Does anyone know whether there is yet support for math functions in AMD GPU kernels?
In the NVIDIA world they provide the libdevice IR module which can be linked to an existing module containing the kernel. In other words they provide all math functions on IR level. NVIDIA even claims that libdevice is actually device specific (compute capability).
I was wondering how that is done on the AMD side of things.
Brian, this seems like a good question for you.
There certainly is support; after all AMD supports both OpenCL and HIP (a dialect of C++ very close to cuda).
AMD device libraries (in bitcode form) are installed when ROCm ( https://rocm.github.io/ ) is installed.
AMD device libraries are mostly written in (OpenCL) C and open source at GitHub - RadeonOpenCompute/ROCm-Device-Libs: ROCm Device Libraries . They are configured by linking in a number tiny libraries that define global constants; these allow unwanted code including branches to be eliminated during post-bitcode-link optimization.
Thank! So, support for the math functions seems to be there. That's good new.
This brings me to the 2nd point that I need to figure out in order for our application to have a chance to run on AMD GPUs.

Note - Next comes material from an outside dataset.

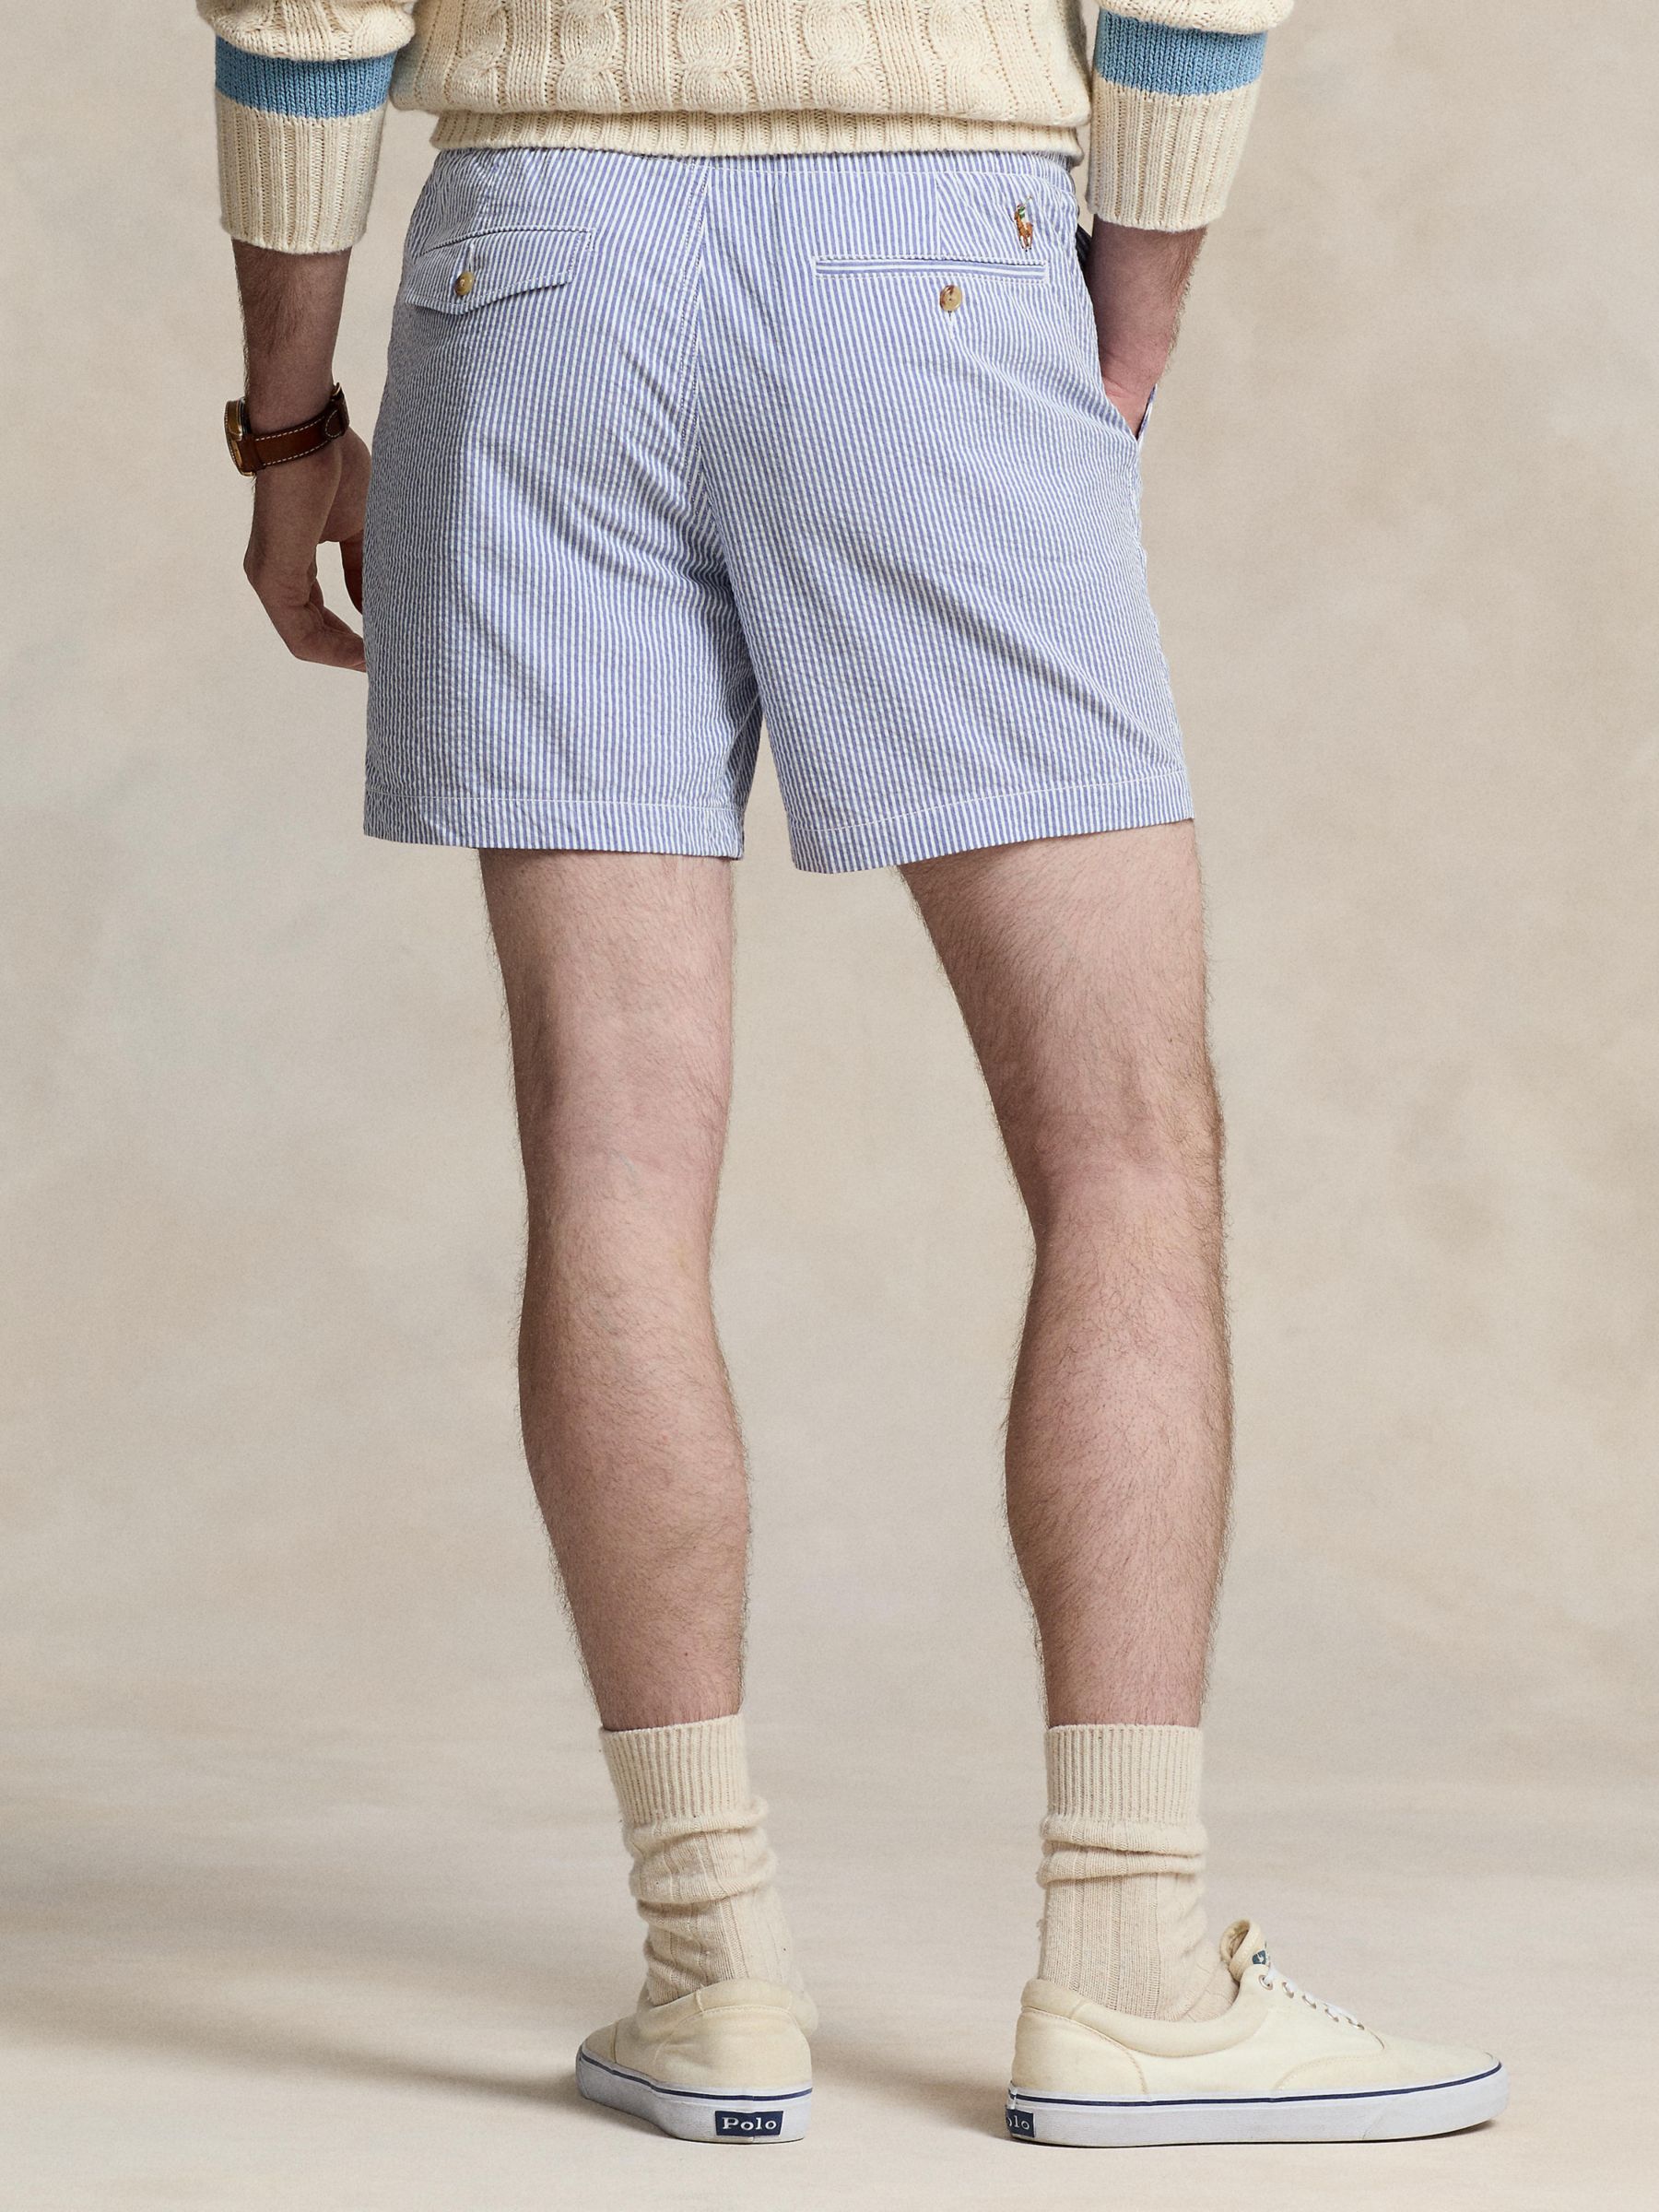 Polo Ralph Lauren Prepster Seersucker 6" Shorts, Blue, S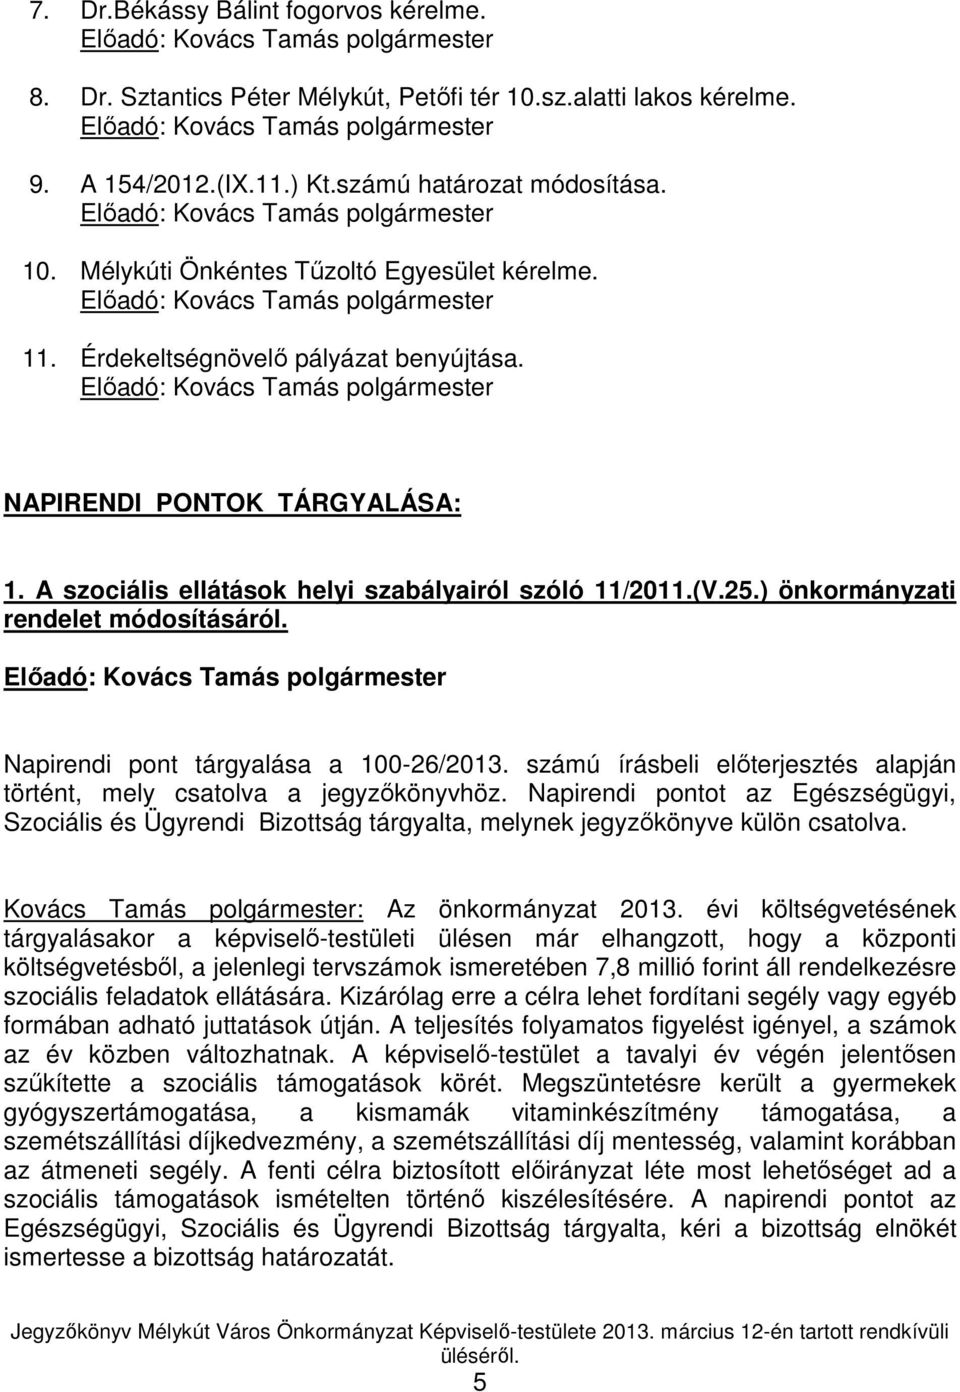 Elıadó: Kovács Tamás polgármester NAPIRENDI PONTOK TÁRGYALÁSA: 1. A szociális ellátások helyi szabályairól szóló 11/2011.(V.25.) önkormányzati rendelet módosításáról.

The thing I am looking for (and could not find out so far) is what AMD's equivalent would be to NVIDIA's driver interface. I am speaking -lcuda as opposed to the runtime -lrtcuda. Our applications loads dynamically (!) an GPU ISA kernel and launches it. In the NVIDIA world there's a function called "cuModuleLoadData" that allows to load a kernel in PTX and returns a CUfunction. From what I have seen so far on the AMD side it looks like as all compilers target GPU ISA directly. Namely the HCC and the AMDGPU backend. Which wouldn't be a problem as long as those generated kernels can be dynamically loaded afterwards.
Is there some library for AMD similar to the NVIDIA driver interface that let's the user load an external kernel, say a kernel that was compiled by the AMDGPU backend?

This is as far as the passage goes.